Answers the question: "How good is it to take this specific action in this state?"

$$ Q^\pi(s, a) = \mathbb{E}_\pi [G_t \mid S_t = s, A_t = a] $$

This is the expected return if the agent starts in state $s$, takes action $a$, and then follows its policy $ \pi $ from that point on. The Q-function is often more useful for decision-making because for any state, the agent can simply choose the action with the highest Q-value.

Example: You are Pac-Man at an intersection (state s). The Q-function would give you values for each action: $ Q(s, \text{move left}) = +50 $, $ Q(s, \text{move right}) = -200 $ (because a ghost is there). You would obviously choose to move left.

🔹 4. Reward vs. Value Function

Aspect	Reward (R)	Value Function (V or Q)
Timing	Immediate and short-term.	Long-term prediction of future rewards.
Source	Provided directly by the environment.	Estimated by the agent based on its experience.
Purpose	Defines the fundamental goal of the task.	Used to guide the agent's policy toward that goal.
Analogy	The `+1` point you get for eating a pellet in Pac-Man.	Your internal estimate of the final high score you are likely to get from your current position.

🔹 5. Examples

Example 1: Chess

Reward: Sparse. +1 for a win, -1 for a loss, 0 for all other moves.
Value Function: A high-value state is a board position where you have a strategic advantage (e.g., controlling the center, having more valuable pieces). The agent learns that these states, while not immediately rewarding, are valuable because they lead to a higher probability of winning.
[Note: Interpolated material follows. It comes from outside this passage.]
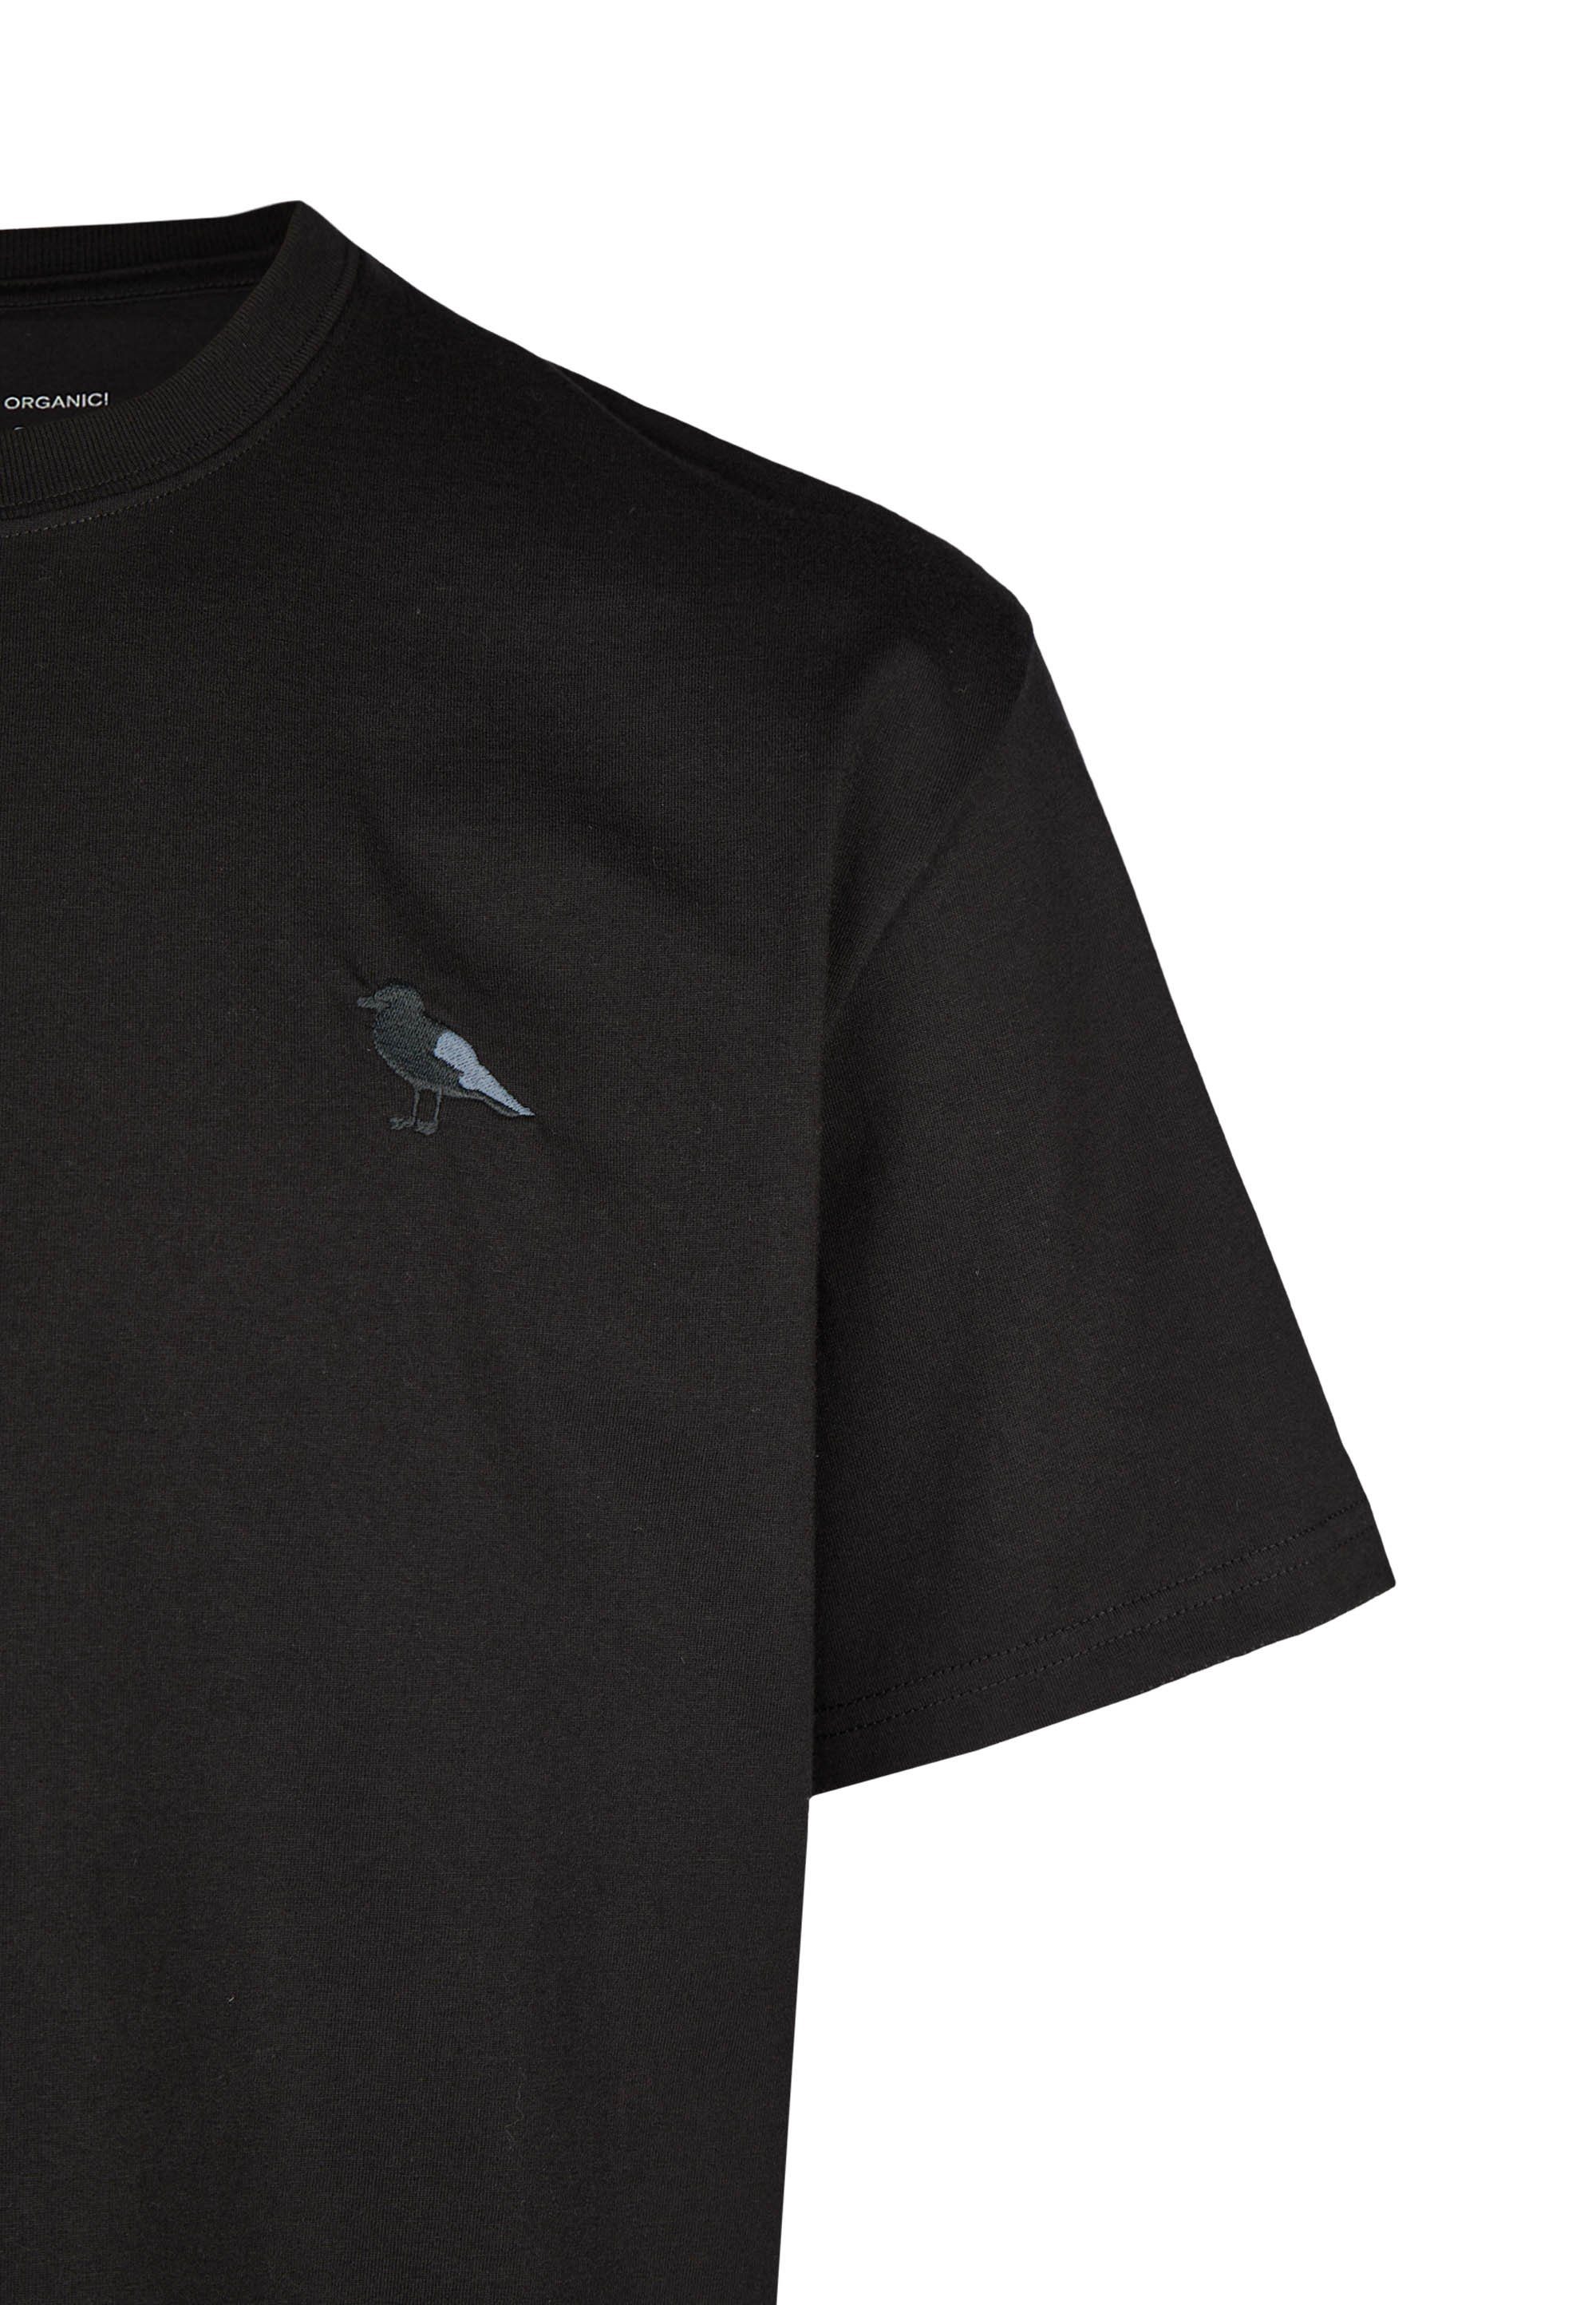 Gull T-Shirt Embroidery Schnitt lockerem Mono schwarz Cleptomanicx mit

Example 2: Self-driving Car

Reward: A carefully shaped function: +1 for moving forward, -0.1 for jerky movements, -100 for a collision.
Value Function: A high-value state is one that is "safe" and making progress (e.g., driving in the center of the lane with no obstacles nearby). A low-value state is one that is dangerous (e.g., being too close to the car in front), even if no negative reward has been received yet.

🔹 6. Challenges

Reward Shaping: Designing a good reward function is one of the hardest parts of applied RL. A poorly designed reward can lead to unintended "reward hacking."
Example: An AI agent rewarded for winning a boat race discovered a bug where it could go in circles and collect turbo boosts infinitely, never finishing the race but accumulating a huge score. It maximized the reward signal, but not in the way the designers intended.
Sparse Rewards: In many real-world problems, rewards are infrequent (like winning a long game). This makes it very difficult for the agent to figure out which of its thousands of actions were actually responsible for the final outcome.